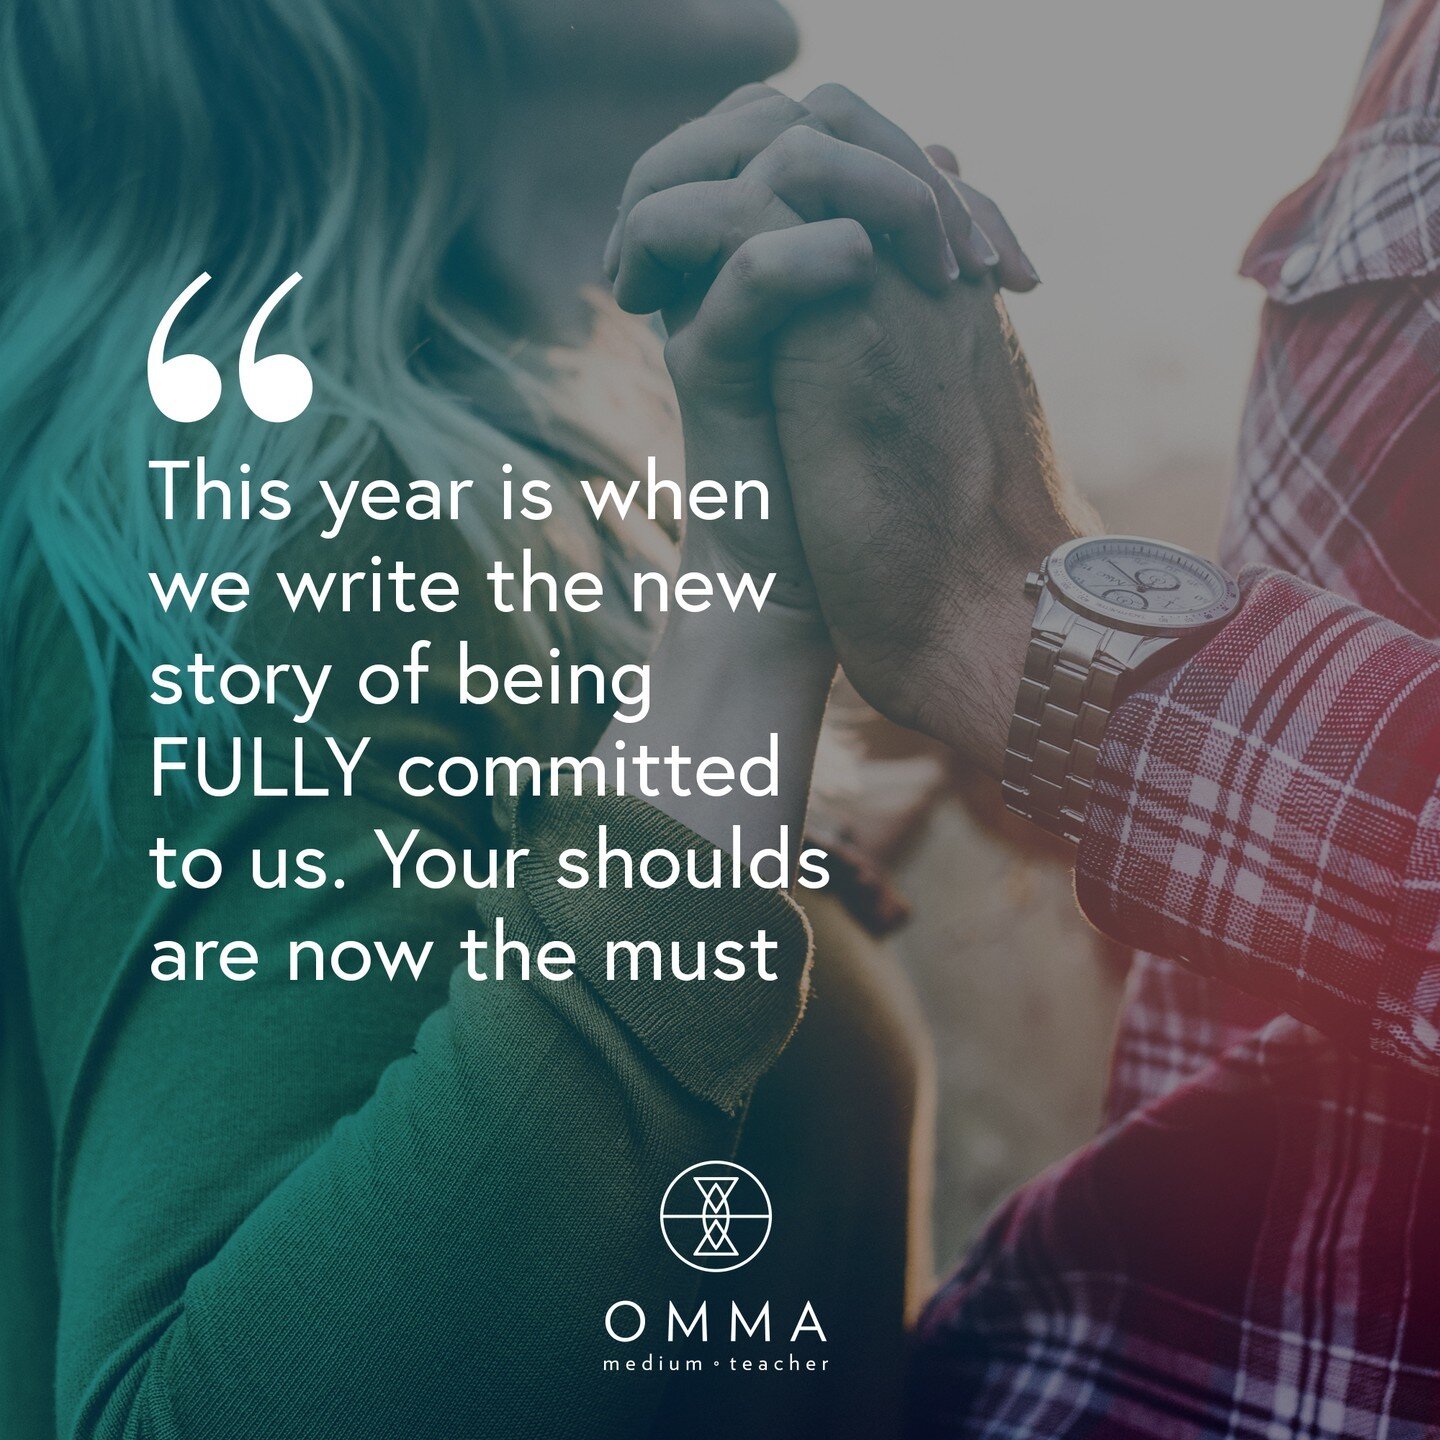 &quot;This year is when we write the new story of being FULLY committed to us. Your shoulds are now the must.&quot;⁣
⁣
⁣
#enlightenment #theomma #psychic #medium #healer #psychicmedium #spiritualcoach #intuition #afterlife #awakening #consciousness #

**How to complete this task:**
Restate all of the data word for word and include no pictures.

**Final answer:**
 &quot;This year is when we write the new story of being FULLY committed to us. Your shoulds are now the must.&quot;⁣
⁣
⁣
#enlightenment #theomma #psychic #medium #healer #psychicmedium #spiritualcoach #intuition #afterlife #awakening #consciousness #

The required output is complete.